In April 2019, we announced what we consider a watershed moment in military justice. We directed the redesign of our military justice support around the world. We believe this will dramatically improve the delivery of legal advice, command support, and trial expertise. Our predicate for this decision was our Pilot Program and the recommendations of the Board of Directors. As we enter the implementation phase, we want to highlight our expectations of you.
A Dynamic Practice
Our justice practice is dynamic. The court-martial practice of the ‘70s, ‘80s, and ‘90s is not the same as the court-martial practice of today—for many reasons.
We now practice using four versions of Article 120, Uniform Code of Military Justice, arguably the most progressive sexual assault statute in the world. That means our trial and defense counsel must master all four versions. This is, indeed, rocket science.
In 2007, sexual assault cases made up 18% of our practice. Today, 50% of our trials include a charge involving a sexual assault. Motions practice is lengthy. There are far more contested cases, which means counsel spend more time in the “crucible of the trial well” and expert witnesses are utilized more than ever before. We continue to average double digit homicide trials every year, and of course there is always the potential for capital litigation.

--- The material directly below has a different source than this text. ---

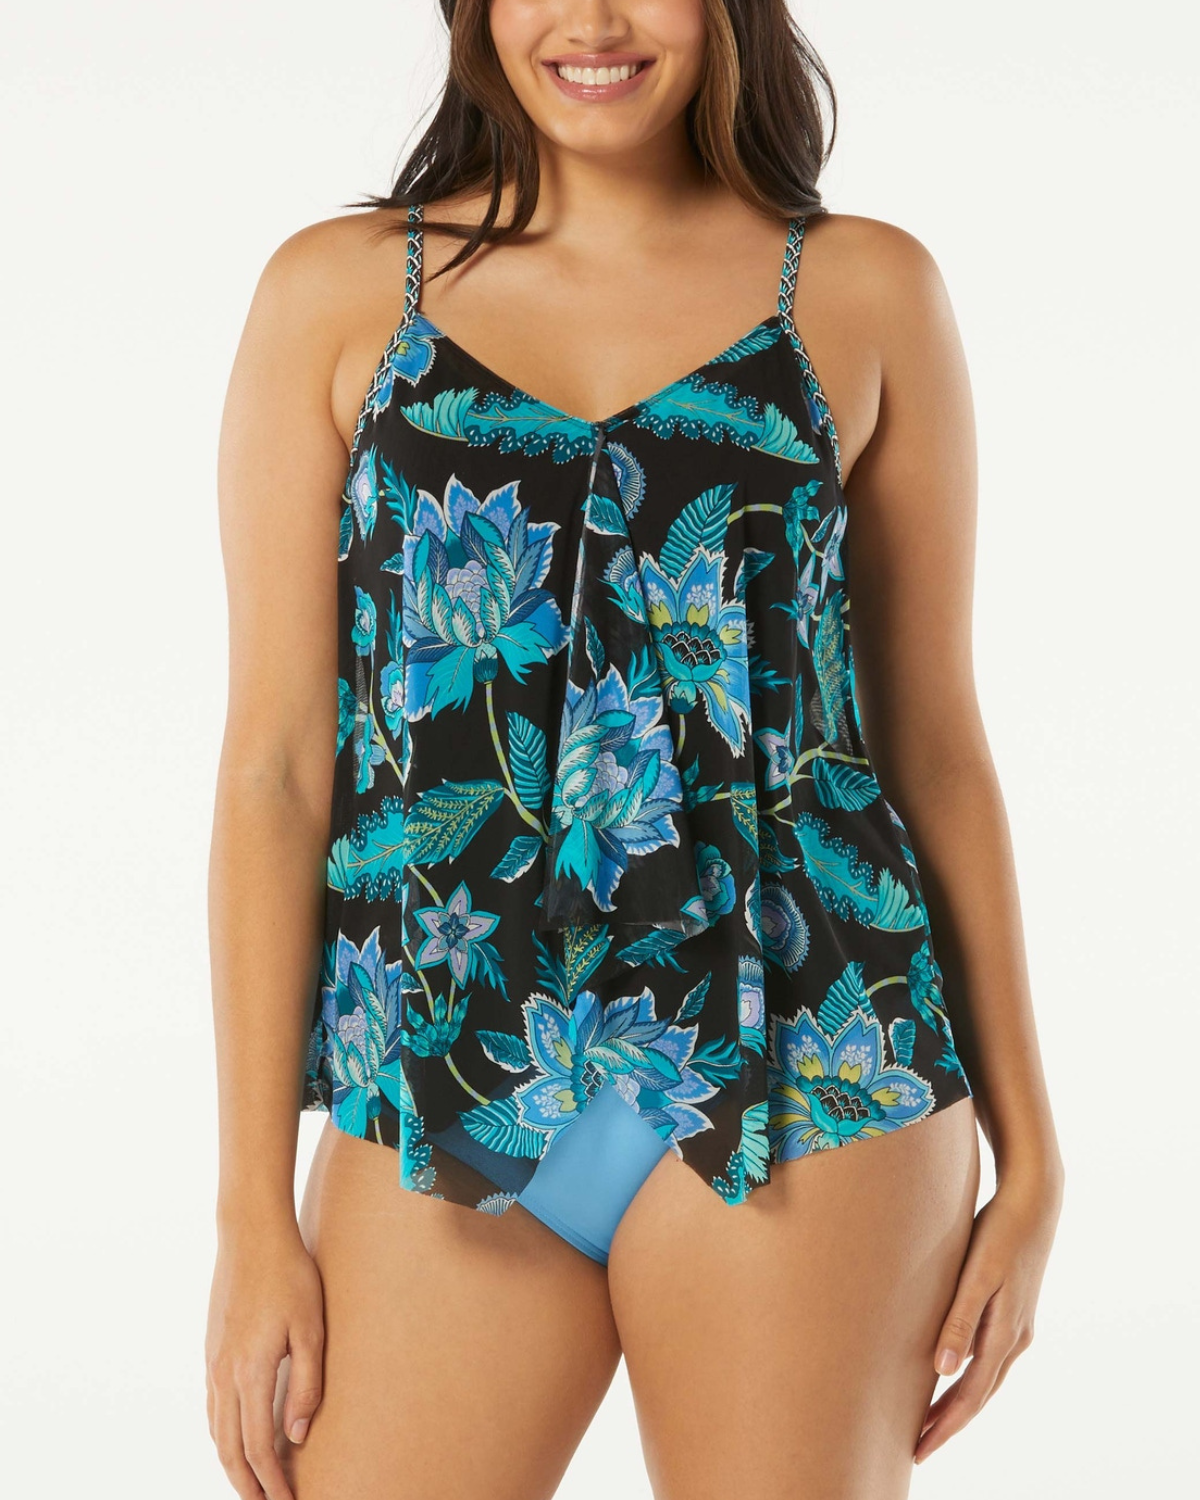 Model wearing a mesh layer tankini top in black with green and blue floral print

Trial counsel are more integrated into their formations than ever before. All of you have set an incredibly high standard—providing premier legal advice, not only “on demand,” but also anticipating where your advice may be helpful to your commanders. Counsel are available 24/7, thanks to cell phones, VPNs, and Technology Next (all designed, of course, to make our lives simpler and more productive).
And, at the same time, there are other serious court-martial cases—cases that affect readiness and lethality—waiting in the wings. The age-old maxim of “touch every case, every day” is more difficult to follow when commanders are calling and a trial counsel has to decide whether to answer the phone or continue preparing a cross-examination for the next day’s court-martial.
The truth is that both the commander’s call and trial preparation are vital parts of our practice. While we recognize that we have talented, motivated, determined counsel out there who can successfully triage and prioritize, the question remains . . . is that the best way to practice? We believe the answer is a resounding “no.” As such, we have decided to redesign our military justice practice.
This redesign is actually quite simple. Dedicated, untethered trial teams support our formations, generating expertise from investigations to findings. Dedicated military justice advisors provide comprehensive, expert service in everything else—from chapters, to boards, to nonjudicial punishment, to a General Officer Memorandum of Reprimand. The trial counsel will focus solely on litigating cases while the military justice advisor will provide legal advice to commanders and practice before separation boards. Splitting these functions between two attorneys will allow for greater expertise—both in litigation and in command advice—over time.
The focus of the redesign is to develop expert litigators and expert command legal advisors across ranks. Our litigators are among the best in the world, but as we have said before, you don’t have to be sick to get better. This, again, is about improving. We should all seek to improve every day—it’s a fundamental part of readiness, Soldiering, and the practice of law. This redesign gives counsel the bandwidth to do just that.
We are also mindful of our amazing Trial Defense Service (TDS) attorneys who work hard every day to represent their clients. We have begun hiring defense investigators to allow counsel an opportunity to free up time to focus on litigation. We have also said, time and again to staff judge advocates and to commanders, they must resource TDS. That is our going-in expectation—one that we will continually emphasize and monitor as we travel for Article 6 inspections.
The Advocacy Center
For all litigators, in all of our core practice areas—from labor, to environmental, to contracts to criminal, to torts, to civilian and military personnel litigation—we are standing up the Advocacy Center this summer. The Advocacy Center will synchronize, develop, integrate, and execute training designed to improve the litigation function and advocacy across our broad litigation spectrum.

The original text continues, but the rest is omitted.